## RECORDS
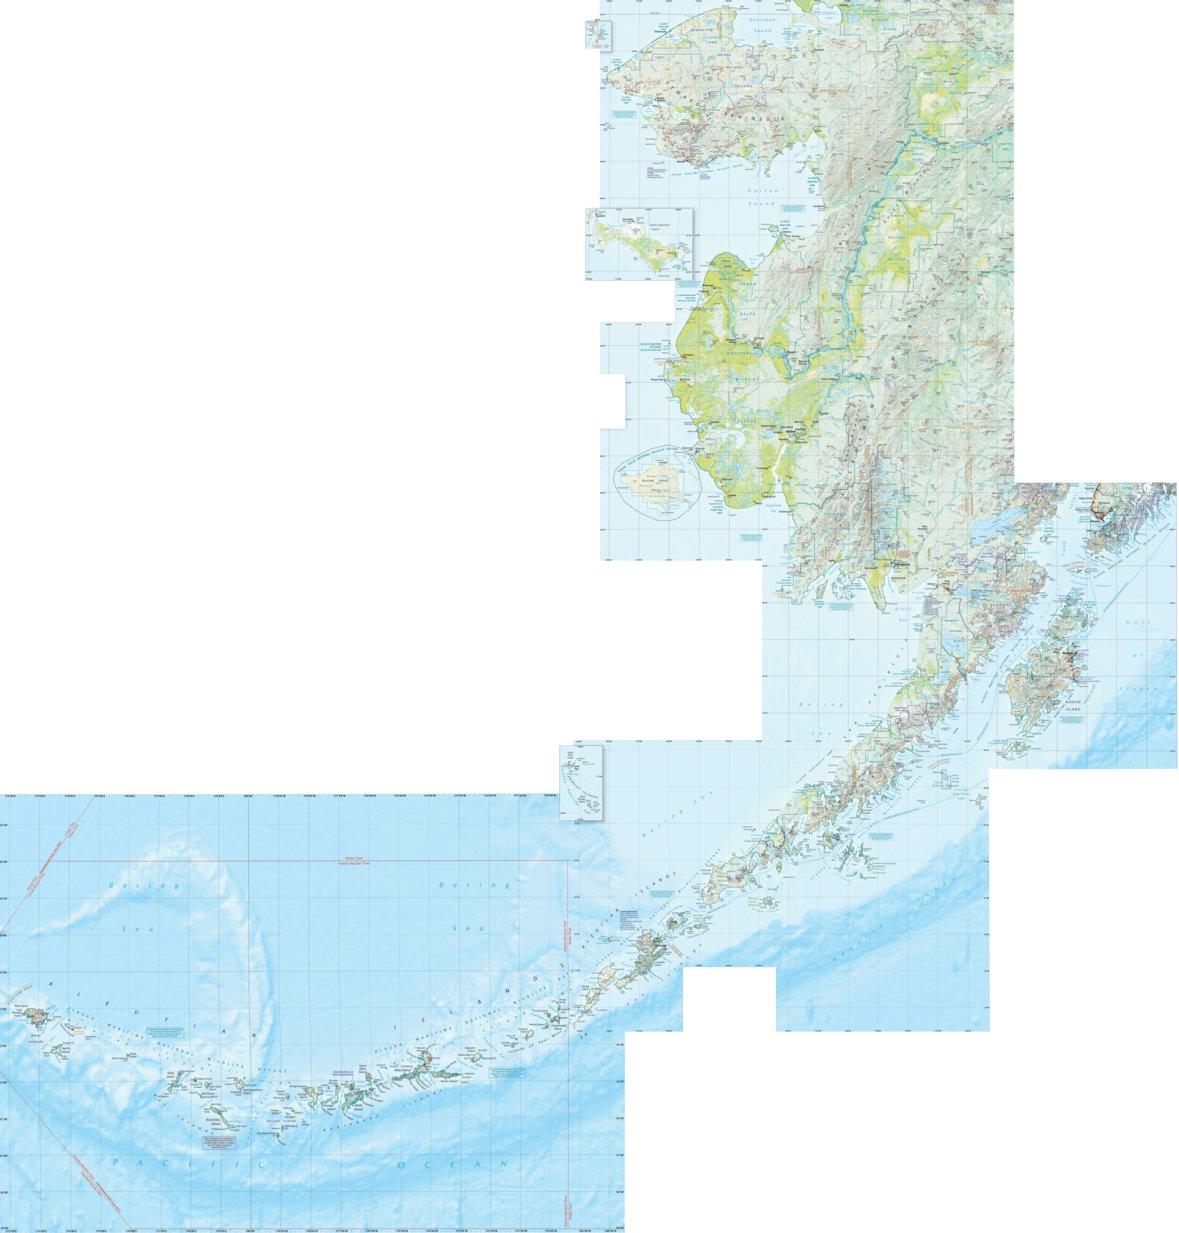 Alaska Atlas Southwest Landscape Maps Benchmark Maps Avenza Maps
==
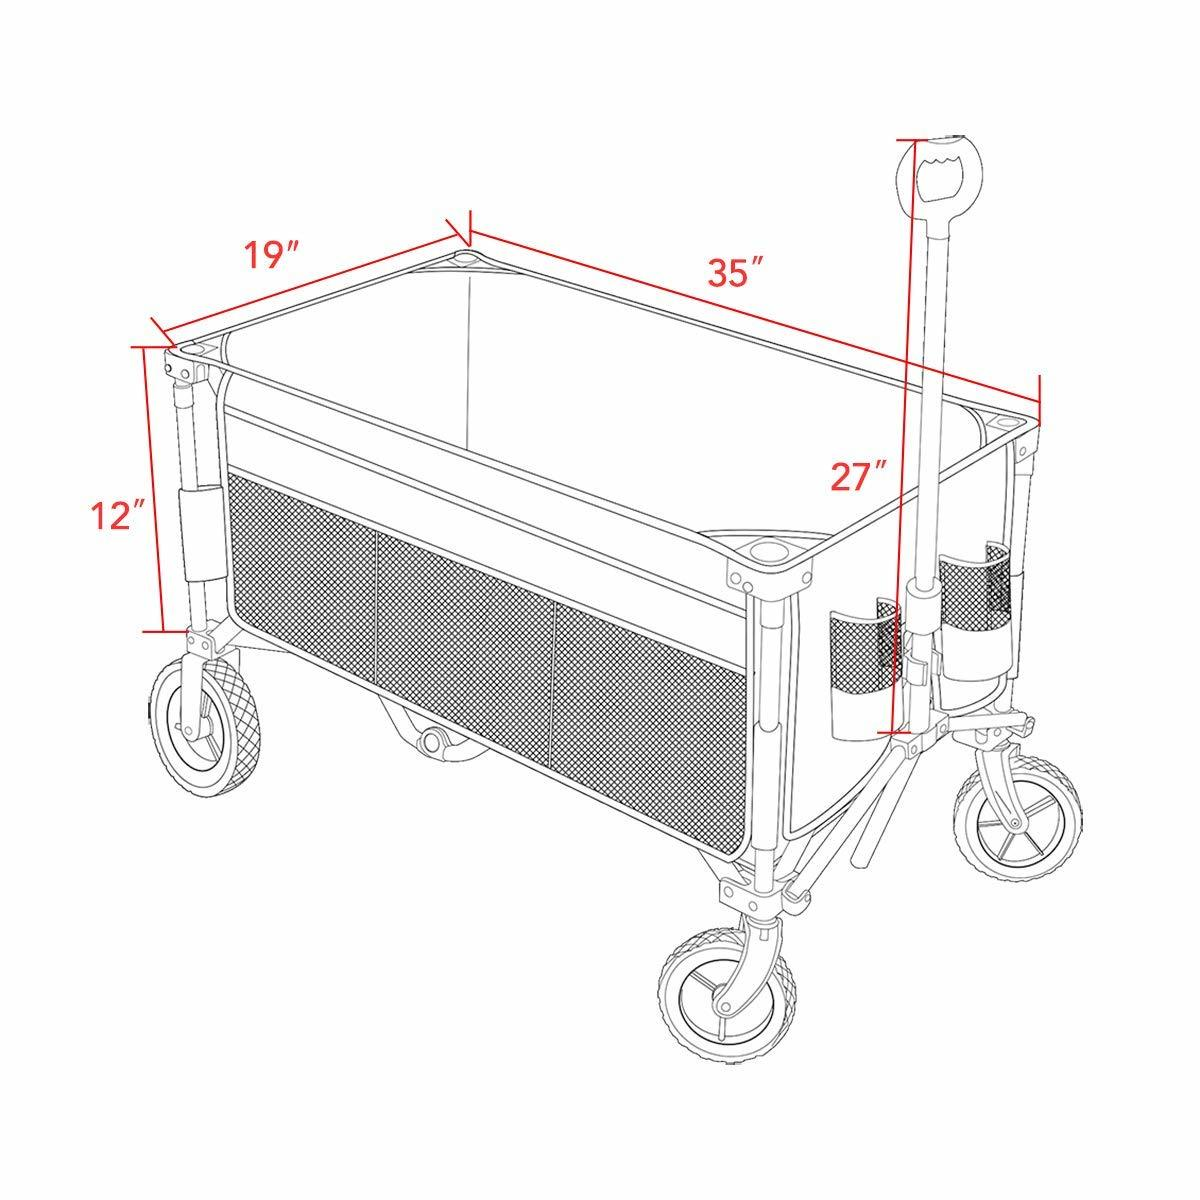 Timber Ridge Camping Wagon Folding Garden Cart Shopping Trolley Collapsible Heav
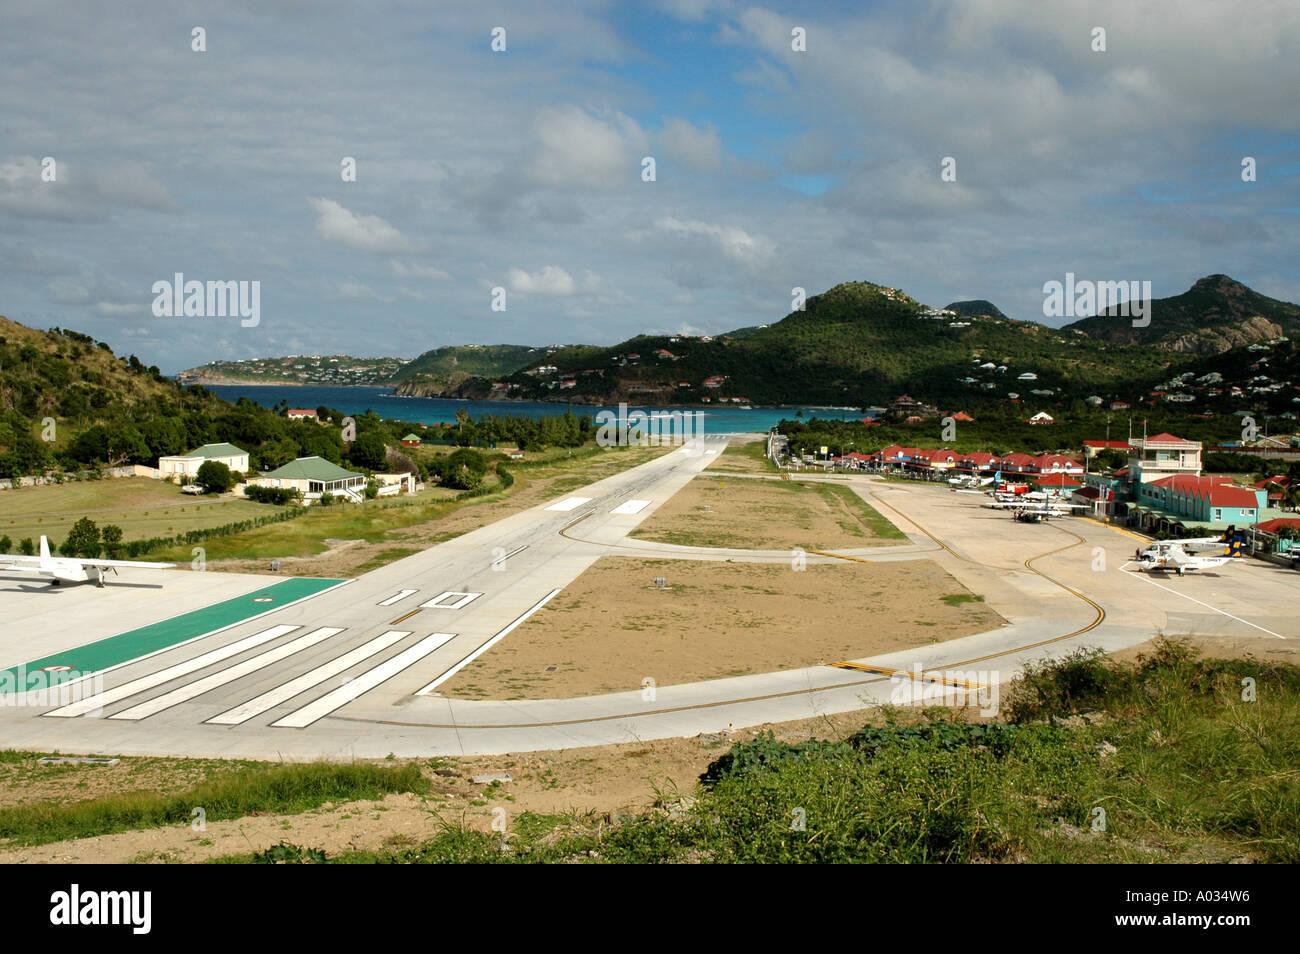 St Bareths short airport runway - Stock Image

## WHAT YOU NEED TO DO
Among the entries above, find the line with "Timber Ridge Camping" and repeat exactly from there through the line with "St Bareths short", leaving out the pictures.

## SOLUTION TO THIS EXERCISE
 Timber Ridge Camping Wagon Folding Garden Cart Shopping Trolley Collapsible Heav
 St Bareths short airport runway - Stock Image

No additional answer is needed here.